Serverless sharing drops the price of compute by a magnitude. Serverless requires a better process model than virtual memory handling of x86 and ARM. Our solution relies on services like tig and sat of eper.io. They treat variable sized memory blocks as the unit of computation. They were traditionally called segments. Such blocks are oftentimes static and can be downloaded on demand with their SHA hash. It is inspired by the design of Docker but for memory blocks, not just files. The Intel 386 also had a similar approach of variable length segments for memory blocks.

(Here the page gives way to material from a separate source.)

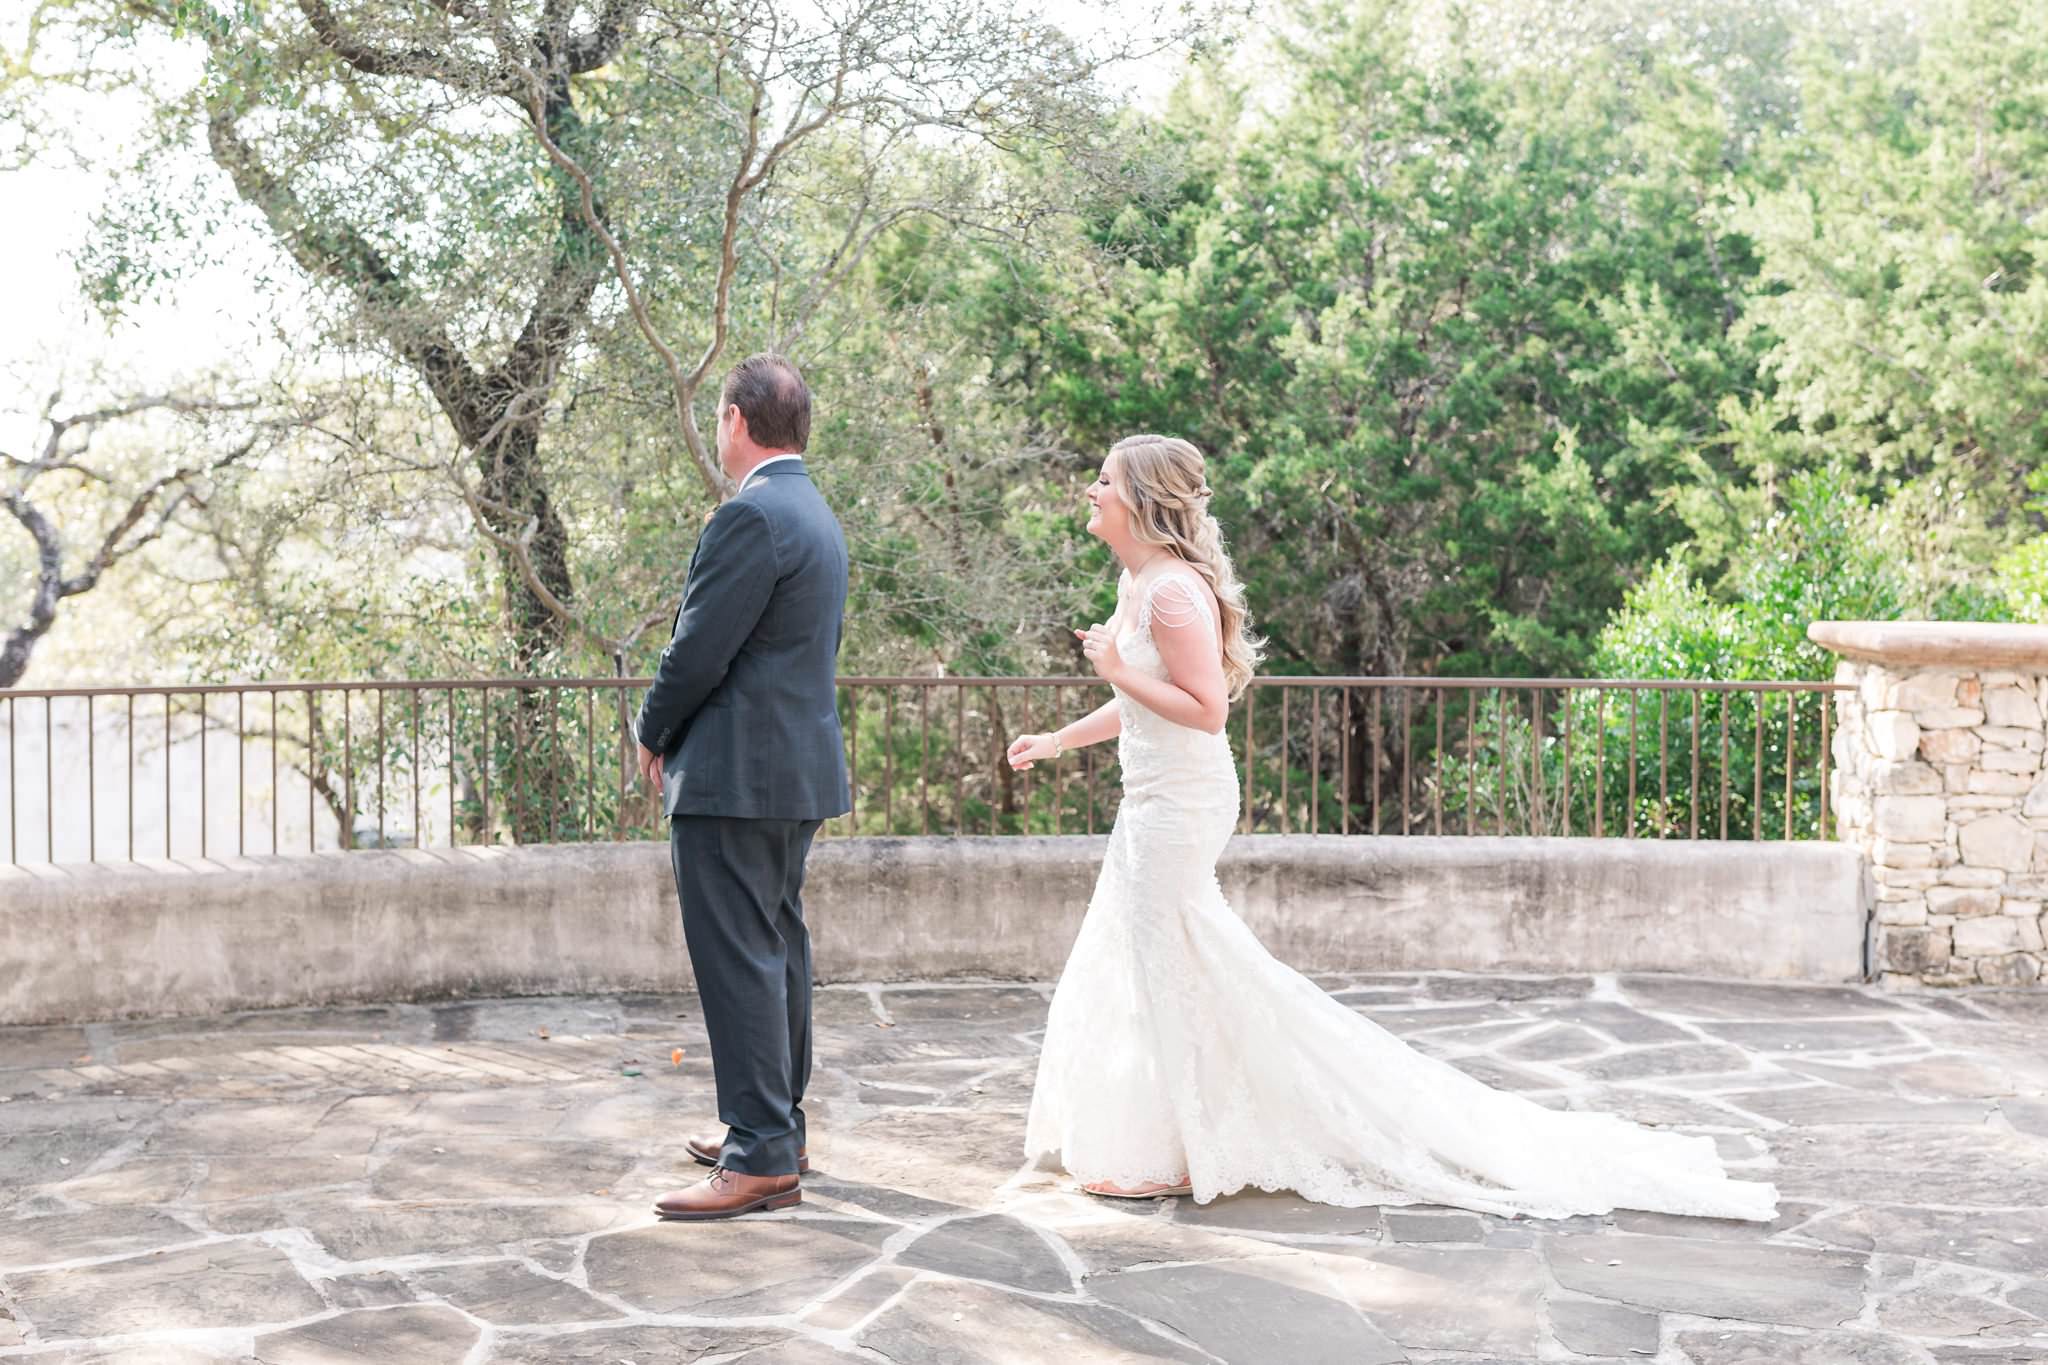 An Emerald Green, Copper and Gold Wedding at Lost Mission in Spring Branch, TX by Dawn Elizabeth Studios, San Antonio Wedding Photographer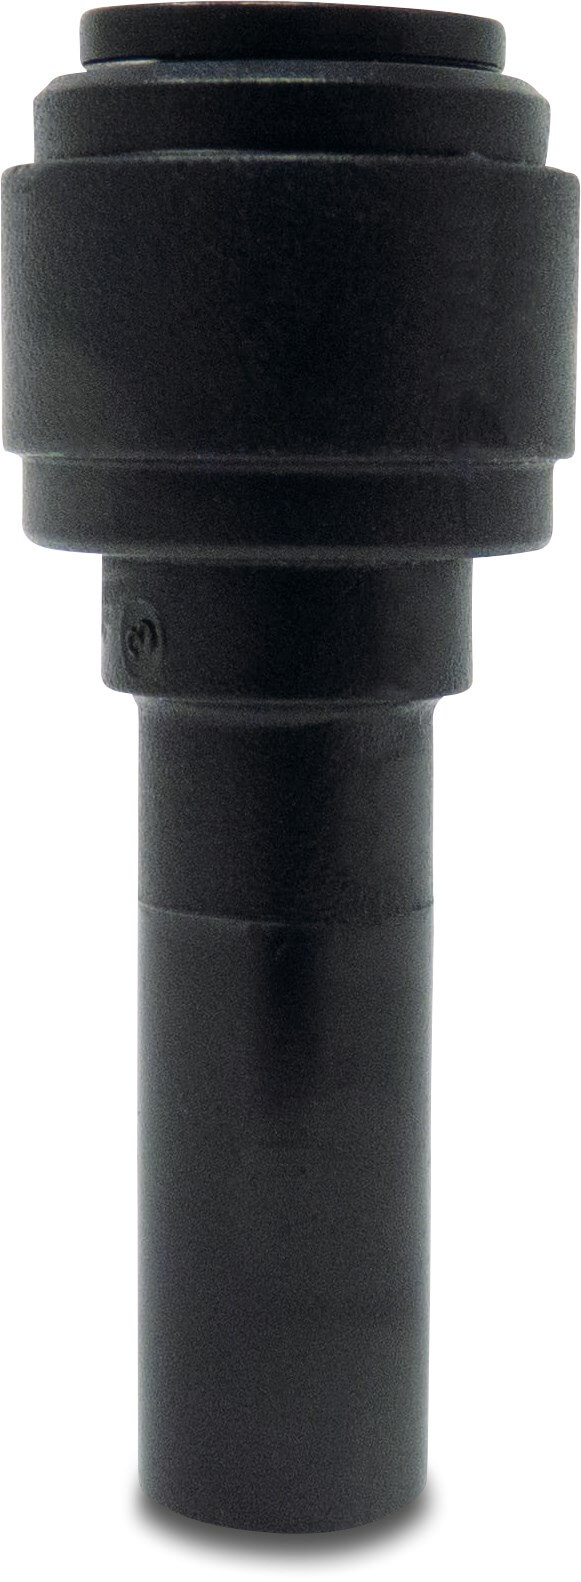 Reducer socket POM 4 mm x 5 mm spigot x push-in 20bar black WRAS type Aquaspeed

Game developers usually have serious artists who are limited by the restrictions of platform based user interfaces. Designers do not like boundaries. Writing software for DOS was a very liberal experience. Sometimes you could write an entire software in Borland Pascal without turning on the internet. Writing browser code requires a copilot or chat assistant that guides through the decisions of the past.

Any script logic does not need to install gigabytes of libraries anymore with serverless segments. Only the required blobs are downloaded identified by their hashes. Should you need the tool vim, the stub just downloads the binary by the hash on demand on first use. Processes using segments are much faster to start up. They require only the memory needed.

Such processes can run bursts in remote serverless containers to do graphics, inference, or page rendering code. This is the way tools like Flink work for narrower use cases of scientific workloads.

The granularity of such serverless bursts eliminate the drawbacks of the proprietary platforms of the day. More edge hardware draws in more bursts. Cheaper servers move the workload there. AI can generate, and verify systems, people can validate.

Platforms used to follow the management style of San Francisco startups. Designers, product managers, developers used different tools reflecting in rich standards of CSS, HTML, SQL, Java, and JavaScript. The proprietary set of standards had something to do with communities and job roles, I believe. This limited the flexibility requiring more staff. We will probably define more code in English with copilots in the future, especially user interfaces.